Save parameters: Record alpha, seeds, network sizes
Archive networks: Save GRN/receptor_grn DataFrames
# Save complete configuration
import json
config = {
'recon_version': '0.1.0',
'alpha': 0.8,
'seeds': seeds,
'graph_types': {'GRN': '01', 'Receptor': '01'},
'n_genes': len(celltype.multiplexes['GRN'])
}
with open('recon_config.json', 'w') as f:
json.dump(config, f, indent=2)
Performance & Scalability¶
How long does ReCoN take?¶
GRN inference (slowest):
GRNBoost2: 10-60 minutes for 5000 genes
ATAC motif scanning: 1-10 hours depending on peak count
RWR computation (fast):
Single celltype: Seconds to minutes
Multicellular (3-5 celltypes): 1-5 minutes
Tips for speed:
Pre-compute GRN once, reuse for multiple seed sets
Limit GRN to top expressed genes (2000-5000)
Use sparse matrices (automatically handled)
Memory requirements?¶
Minimal: ~2 GB for small networks (<1000 genes)
Typical: 4-8 GB for realistic scRNA-seq data
Large: 16+ GB for 10+ cell types with full GRNs
Reduce memory by:
Filtering low-expressed genes before GRN inference
Using fewer celltypes in multicellular models
Clearing intermediate results:
del results
Can I parallelize ReCoN?¶
GRN inference: Parallel by default (set
n_cpuparameter)RWR computation: Single-threaded (already very fast)

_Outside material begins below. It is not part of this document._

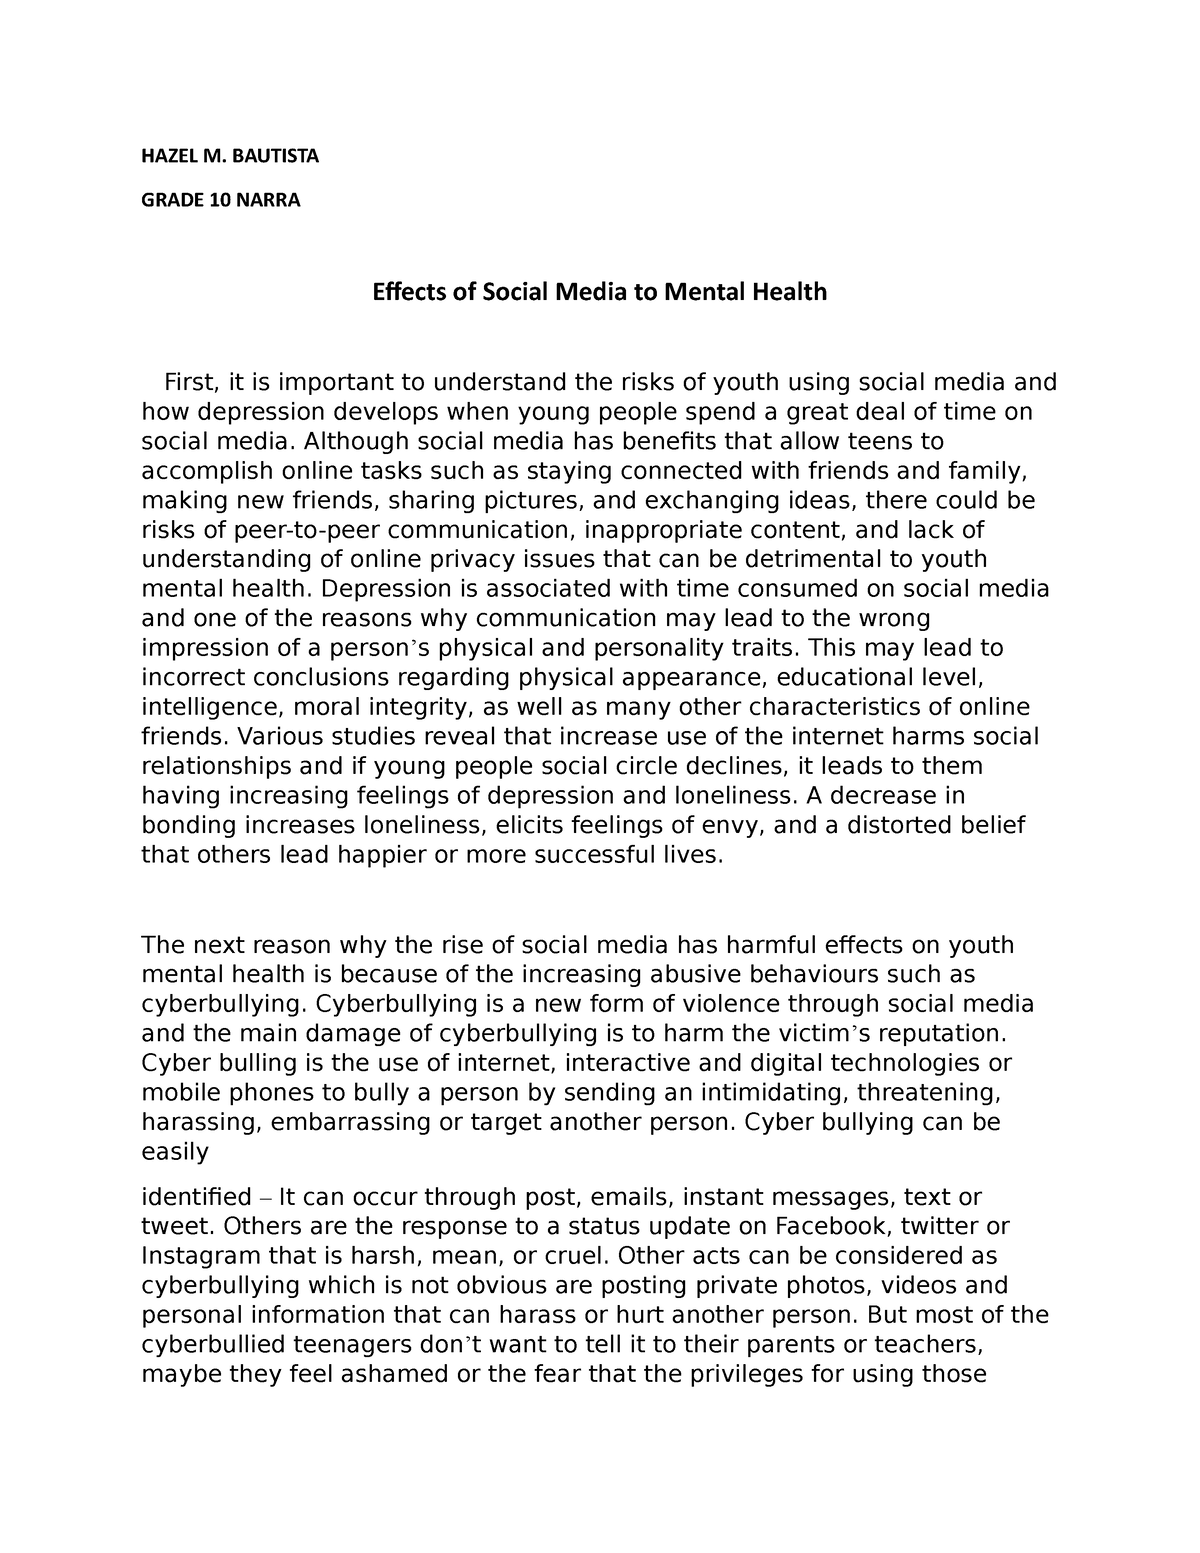 persuasive essay about effects of social media to mental health

Multiple conditions: Run in parallel with multiprocessing
from multiprocessing import Pool
def run_recon(seed_set):
return celltype.Multixrank(seeds=seed_set, alpha=0.8)
with Pool(4) as p:
results = p.map(run_recon, [seeds1, seeds2, seeds3, seeds4])
Getting Help¶
Where to find more information?¶
Documentation: https://recon.readthedocs.io
GitHub Issues: https://github.com/cantinilab/recon/issues
Examples: See notebooks in
docs/source/recon_examples/Paper: [Add citation when published]
How to report bugs?¶
Open a GitHub issue with:
Python/package versions:
pip list | grep reconMinimal example: Code that reproduces the error
Error message: Full traceback
Expected behavior: What should happen instead
# Get version info for bug report
python -c "import recon; print(recon.__version__)"
python --version
pip list | grep -E "recon|scanpy|numpy|pandas"
Contributing¶
ReCoN is open source (GPL-3.0 license). Contributions welcome:
Code: Submit pull requests on GitHub
Documentation: Fix typos, add examples
Testing: Report issues, suggest improvements
Citations: Cite ReCoN in your publications
License: GPL-3.0 allows free use, modification, and distribution, but derivative works must also be open source.